Now, when you leave A and start moving towards B things become narrower. Now the basketball player needs to learn how to dribble the ball, shoot the ball, and pass to their teammates. This pattern continues as you get closer and closer to B. The closer you get to B the narrower the acceptable behaviour becomes. Eventually the player will need to understand strategy, offense, defense, and one day they will need to start attending practice. After that, off-court strength and conditioning becomes a factor. Then when you make it all the way to B your personal life is also under scrutiny.

 

You’ve gone from just moving in the right direction to becoming a star in the NBA.

 

If at any point you are unwilling to comply and adjust your behaviour to fit within the appropriate range, you are at a “choice point.” This is a point where you have to make a relatively simple choice. Being outside of the range and still achieving B is not an option, you cannot miss practice, stop working out, and still make it to the NBA. You choose to adjust or leave. Neither choice is better than the other.

 

This analogy can apply to every single goal. Whether you want to lose 50lbs (notice how the last 5 are always the most stubborn?), own a fortune 500 company, or make it to the Olympics. The closer you get the more you have to take into account. No one said achieving your goals would be easy.

 

The thing that I love most about this analogy is the hardest thing for most people to realize. Most people reach a choice point and want to go back to A. They want to go back to when it was acceptable to do those behaviours they are comfortable with. Maybe you want to be able to miss Basketball practice for a friend’s party, but it’s just not an option anymore. “But it used to be okay?!” The funny thing is that once you have left A – started playing more often, started losing weight, started your company, whatever it is – A is no longer an option, it truly doesn’t exist anymore.

 

You cannot go backwards, only forwards.

The Process

At times I focus too much on the end goal.

At times I just focus on achievements.

At times I compare myself to others.

I’ve noticed more and more lately that I’m happiest when I focus on my own effort and fall in love with the process of learning rather than being too tied to the outcome.

There will ALWAYS be more to achieve, and there will ALWAYS be someone out there doing something, maybe not your thing, bigger and better than you.  Focus on doing YOUR thing to the best of your ability, and fall in love with the process.

The Sacred and the Secular

When you first start dating someone that you really like every moment you are with them you feel connected and fully present. You aren’t distracted by texts and work and the ball game. Every moment with that person is sacred.

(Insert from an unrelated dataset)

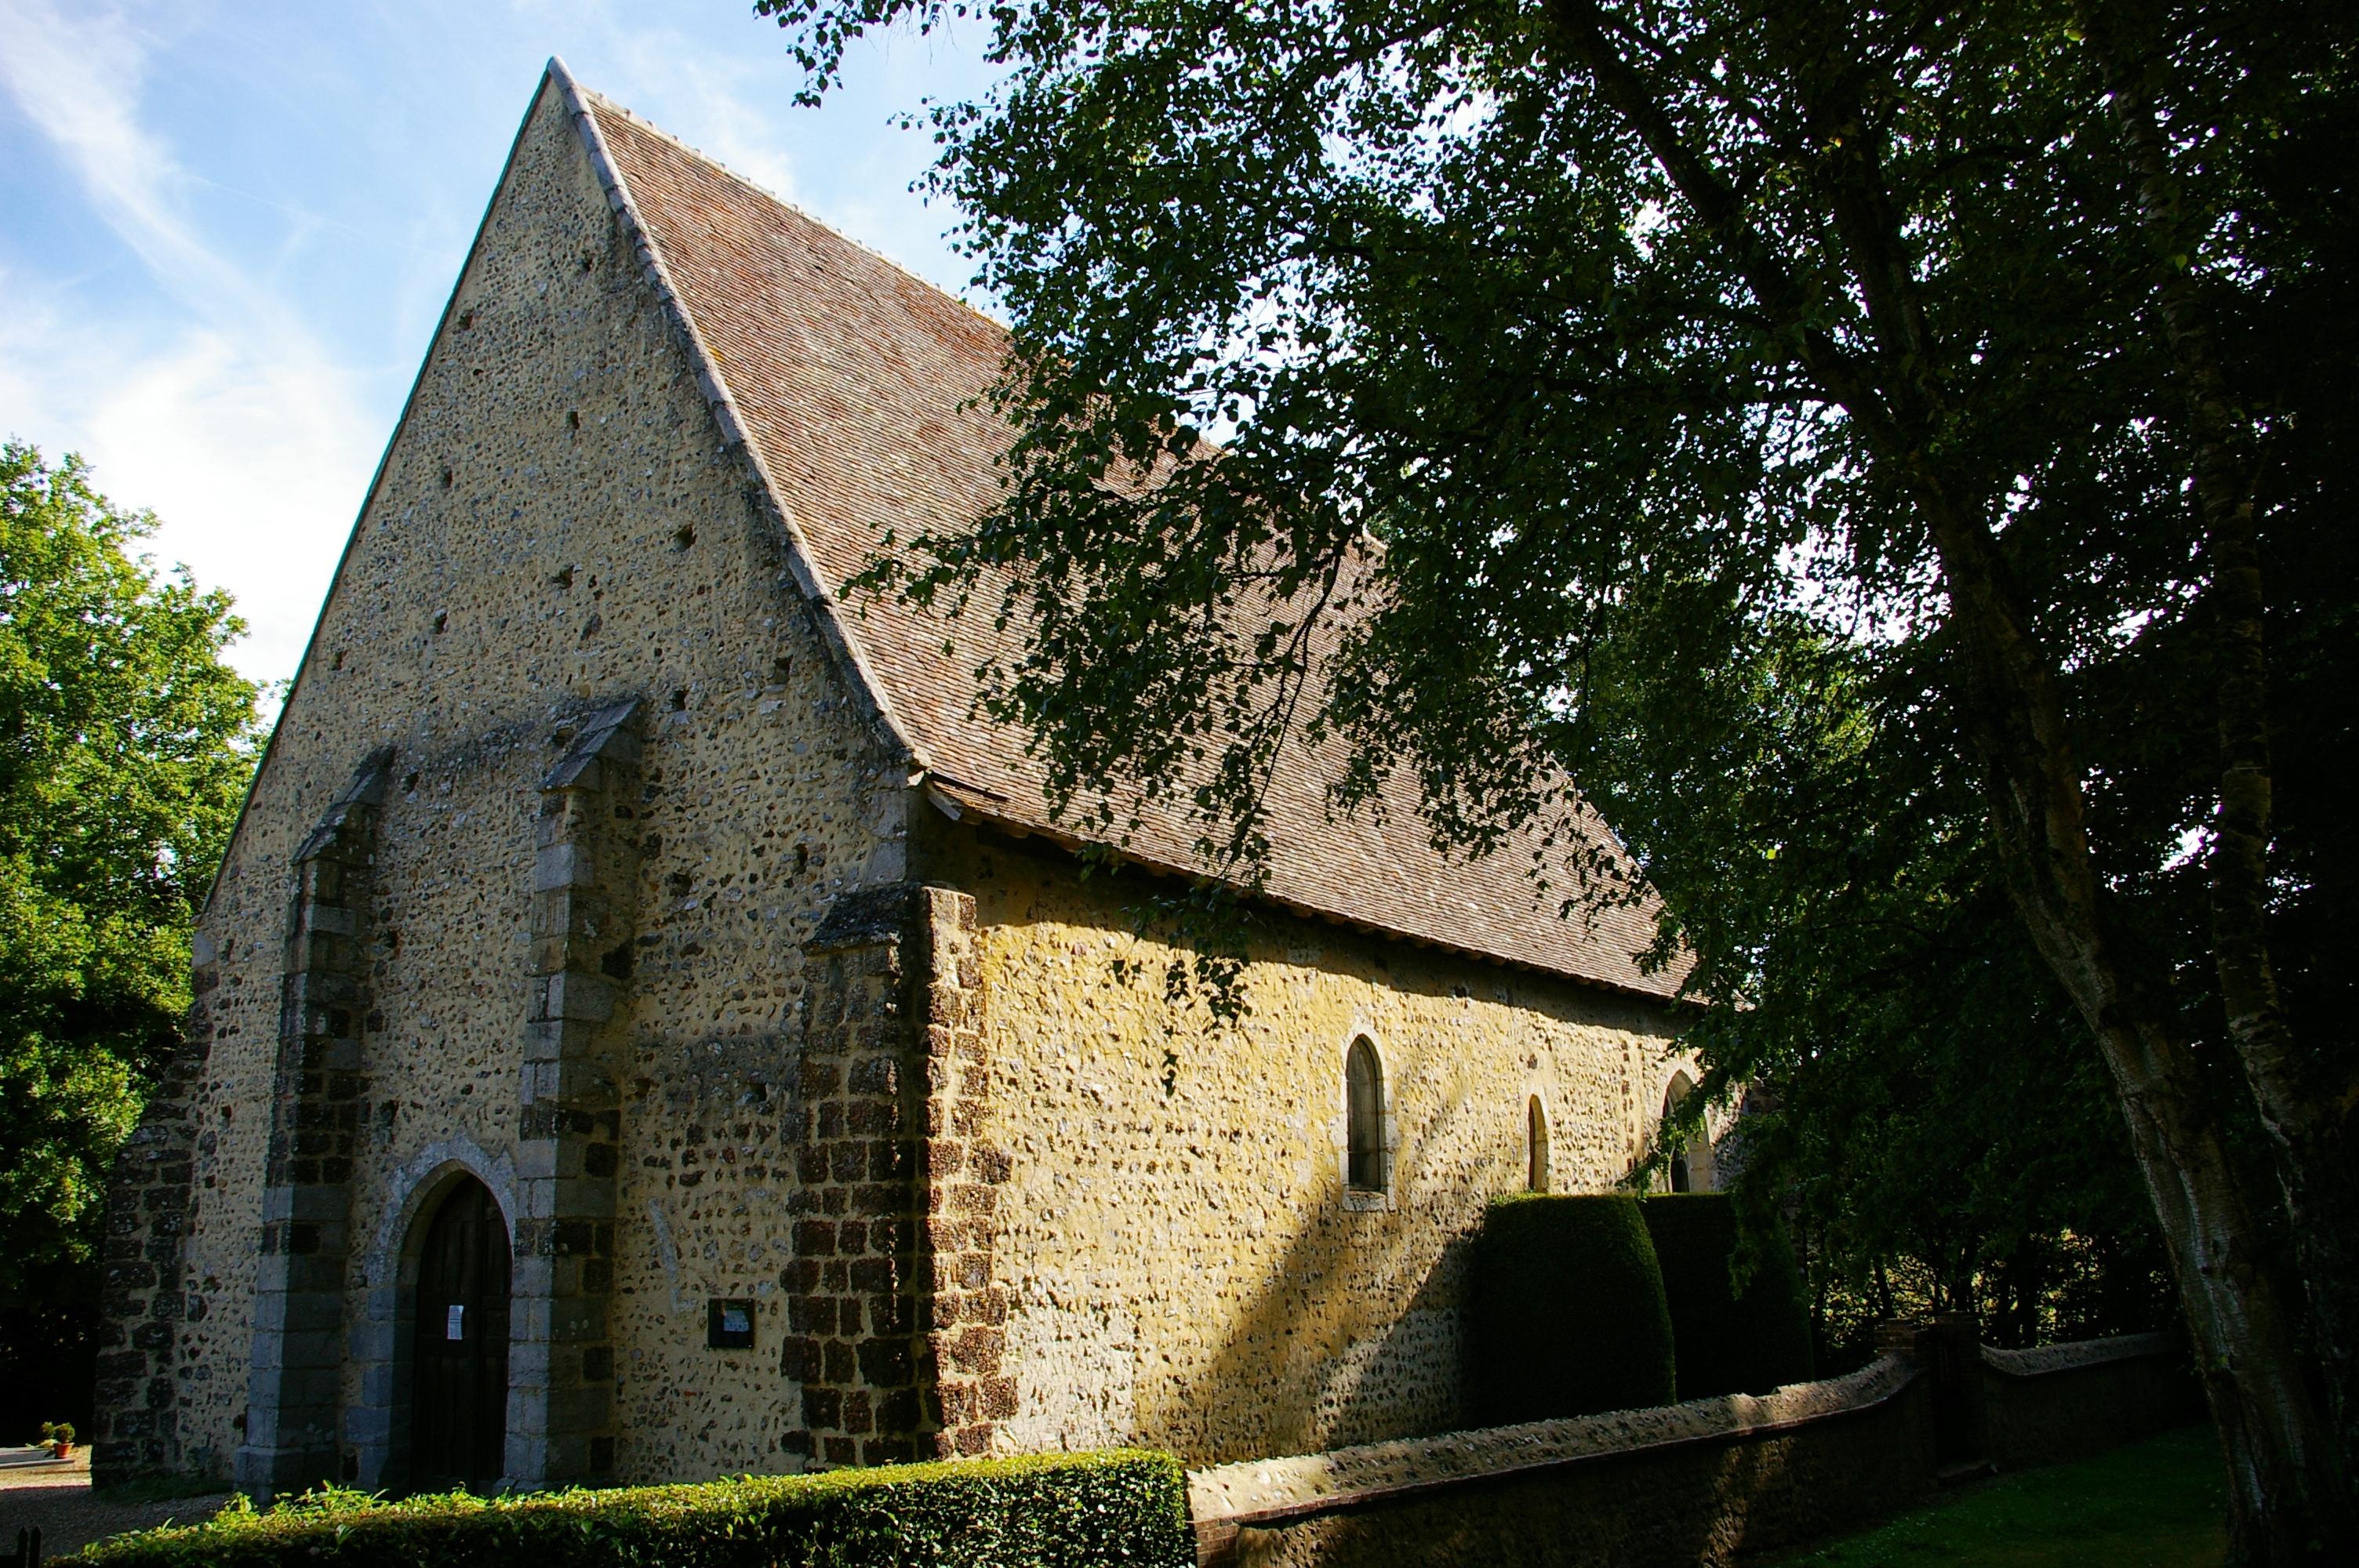 Visite commentée de la Chapelle Saint-Pierre de Réveillon à LA FERTE-VIDAME © OT Forêts du Perche

If you realize that you still really like them after months of getting to know every little quirk about them, then this is for you.

The deeper into relationships we go the more intertwined our lives become. We make plans together, sometimes really big plans. We get stuff together. Eventually we live together and share an apartment, split rent, pay bills together, etc. Then we may even get married and have kids.

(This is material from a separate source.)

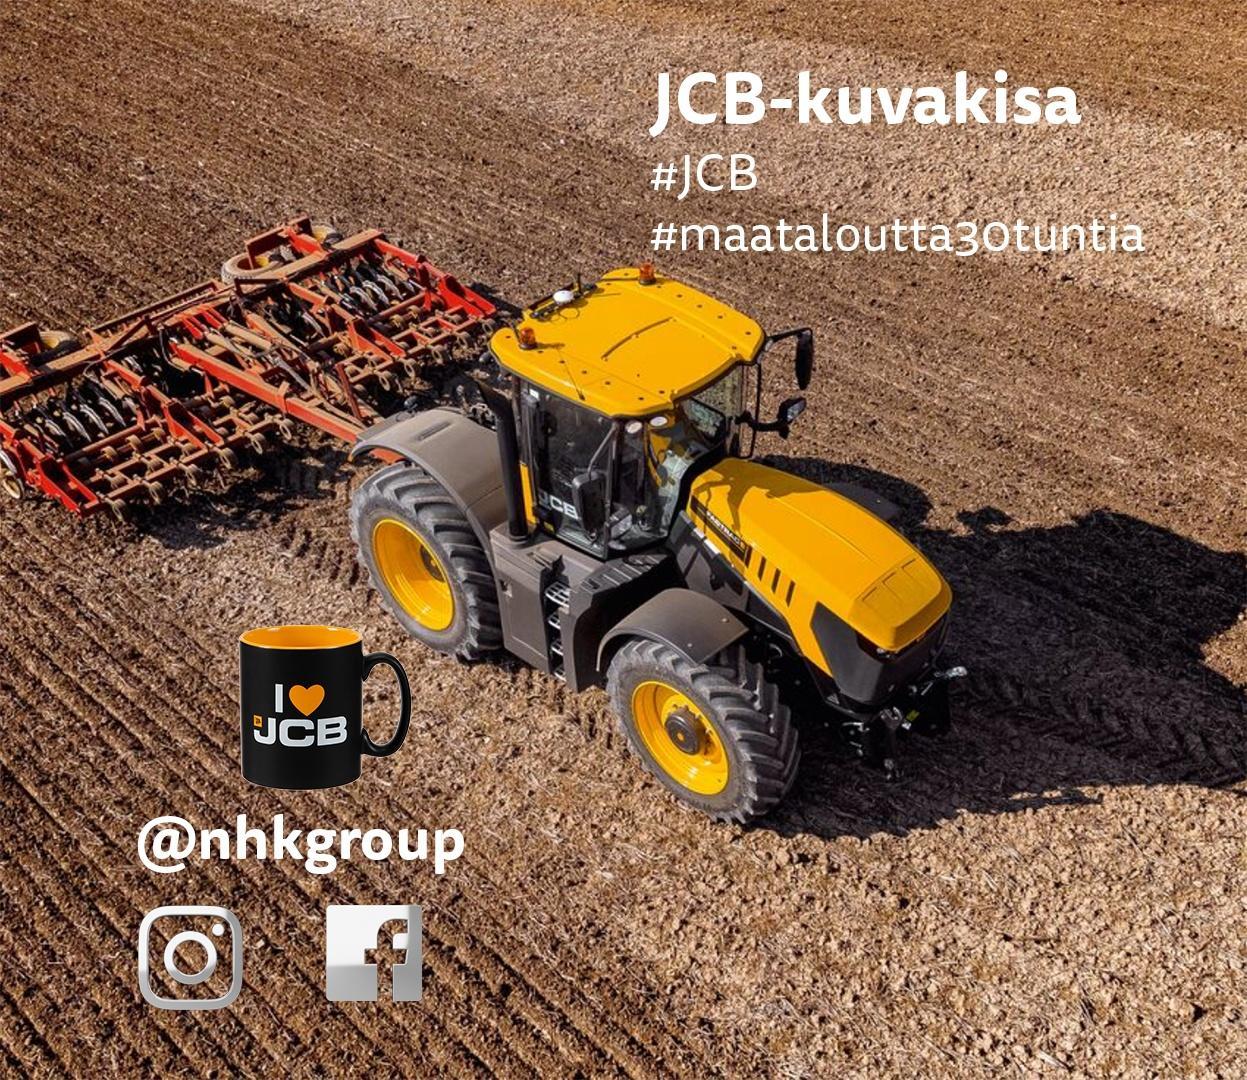 JCB-kuvakisa-30tunnissa-maataloutta

All of these things require secular discussion, which basically means “that which is not sacred.”

One of the most important lessons I’ve learned in my relationship with Adee is to separate the sacred and the secular.

One of the sacred times for us is first thing in the morning and the last hour or two before bed. At one point, we were in the habit of talking about work, bills, etc. any time they popped into our heads (which is the natural tendency).

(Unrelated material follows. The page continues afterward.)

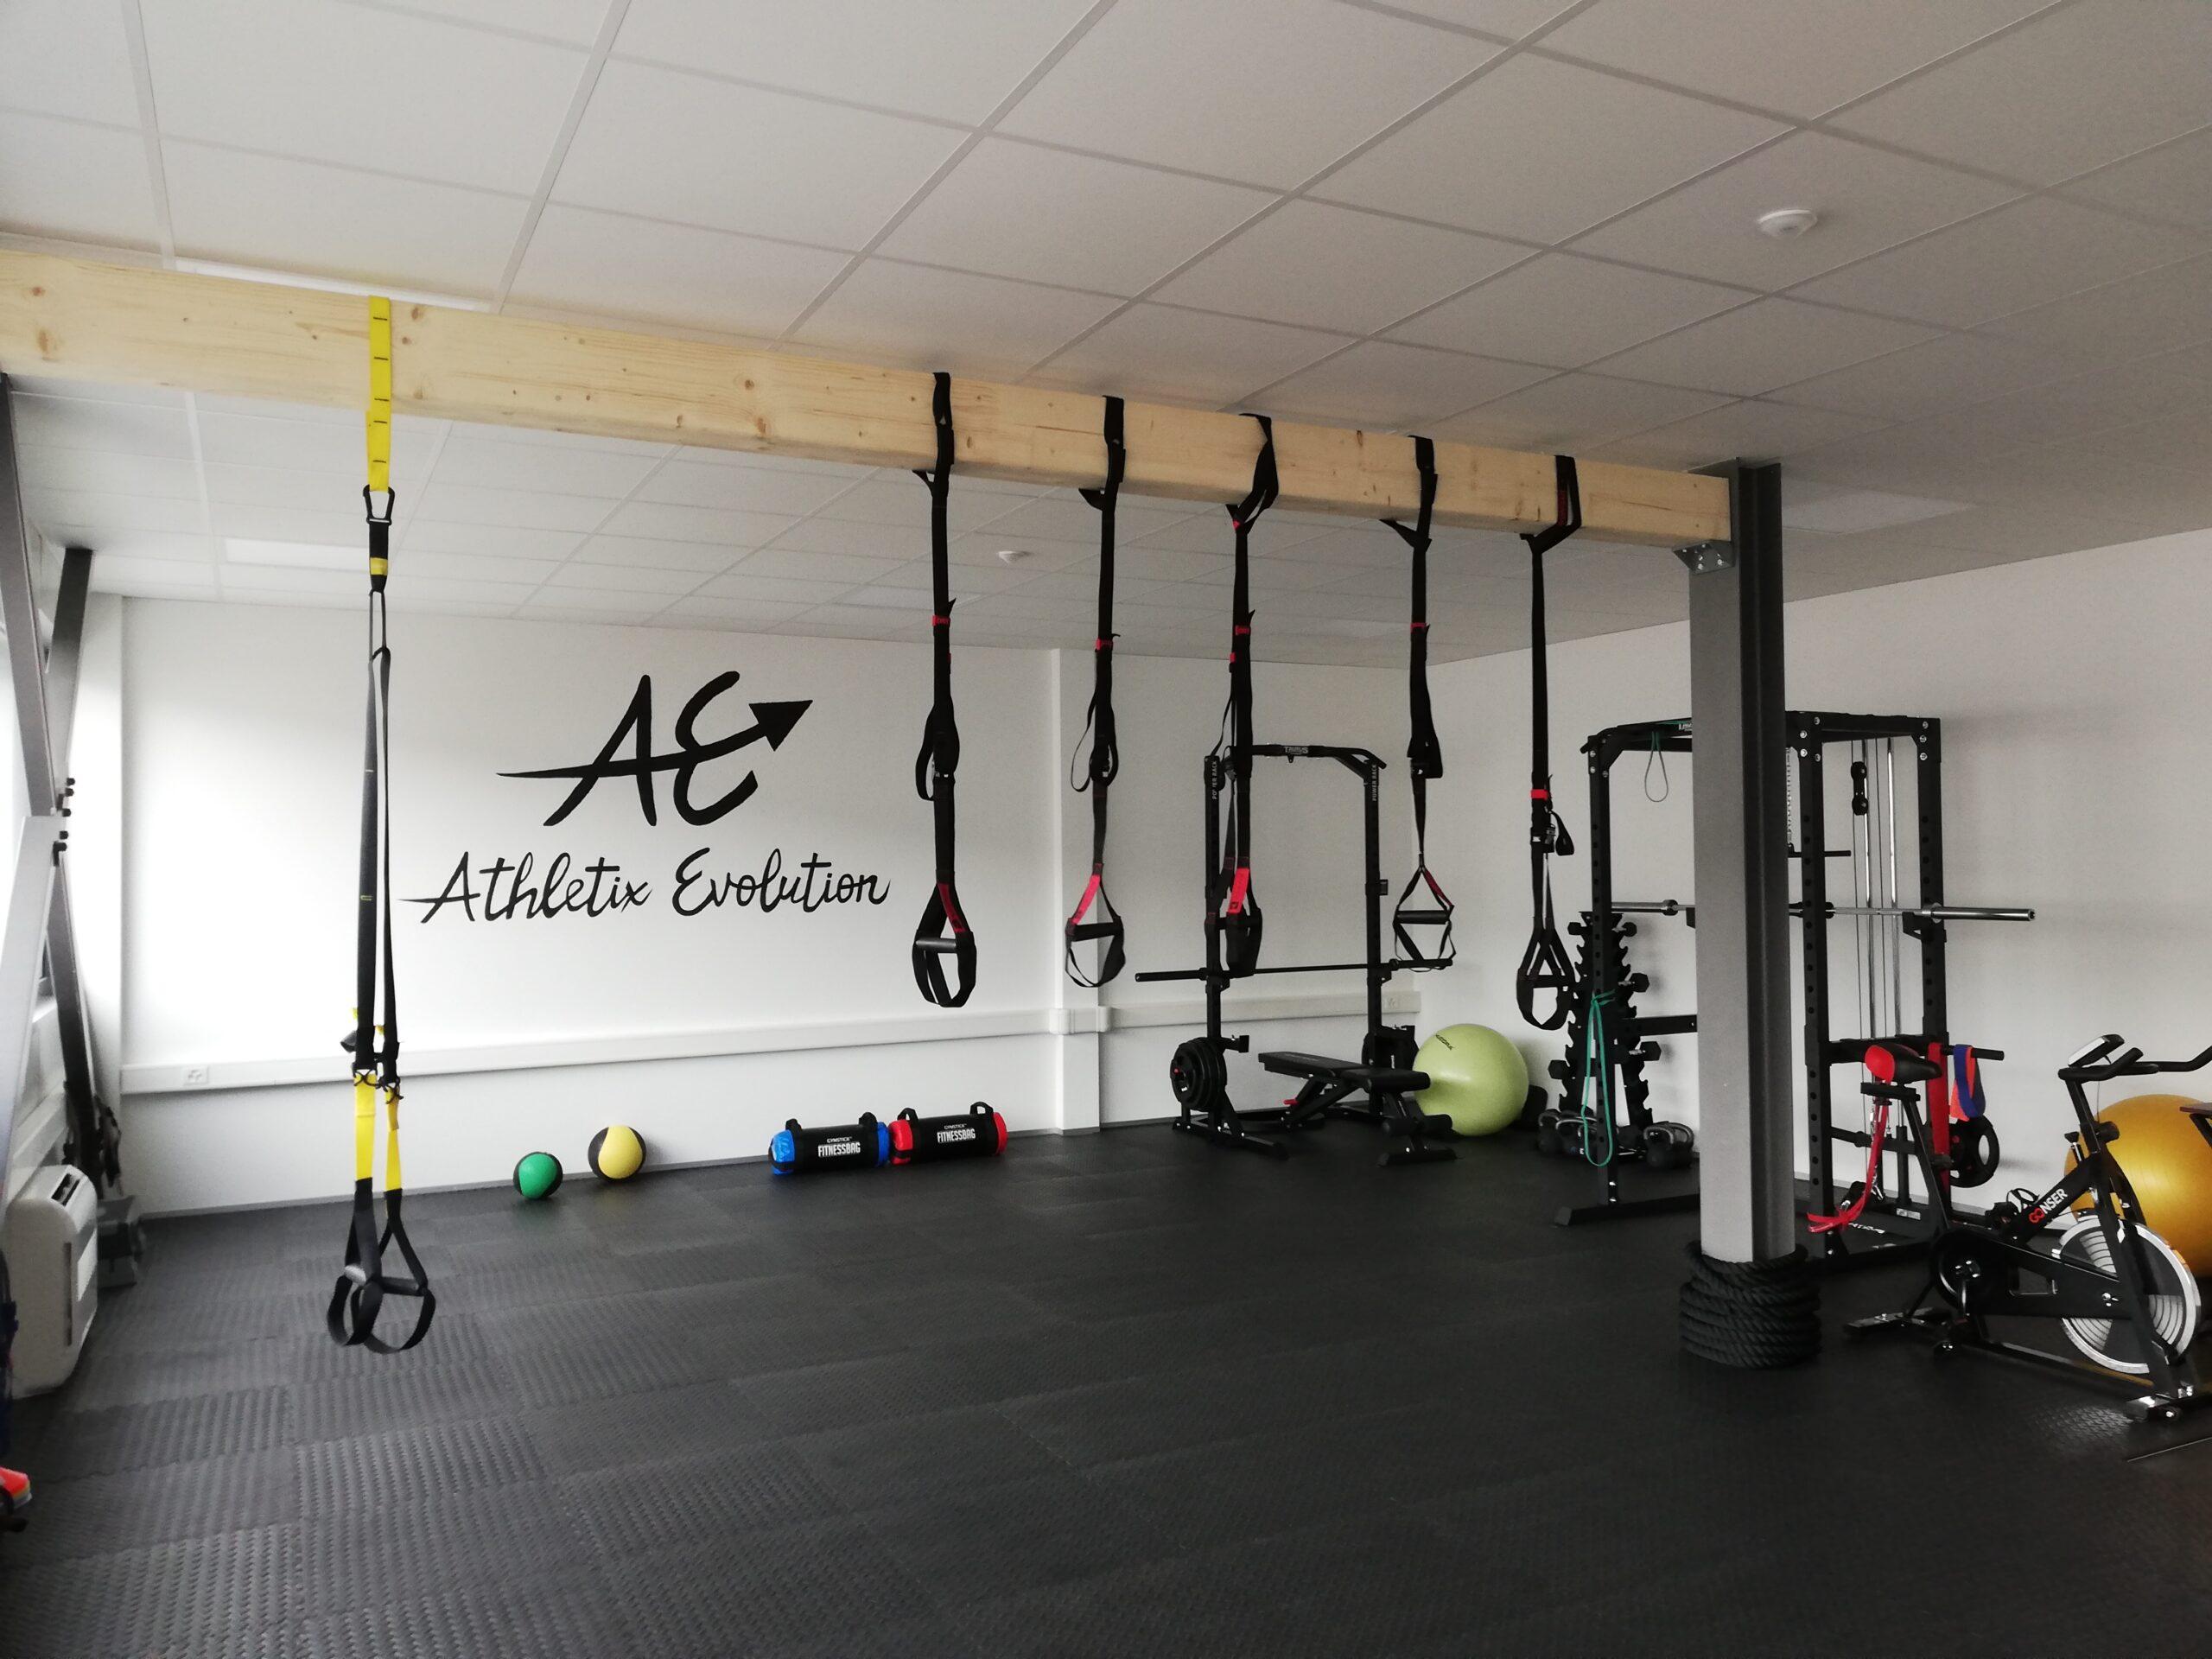 Athletix Evolution -Salle de Sport Equippée - Activité et services

After a while we both felt a lack of connection and increased stress in general.

Once we learned about this concept we created rules to protect the sacred such as:

  • No talk of work, bills, or planning in the early morning or late night
  • No phones at the table while eating
  • No phones or talk of work while on a date or with friends (unless it comes up naturally in a conversation).

I encourage you to make your own rules to protect the sacred in your relationship. And follow them! Nothing is worse than making and breaking a commitment.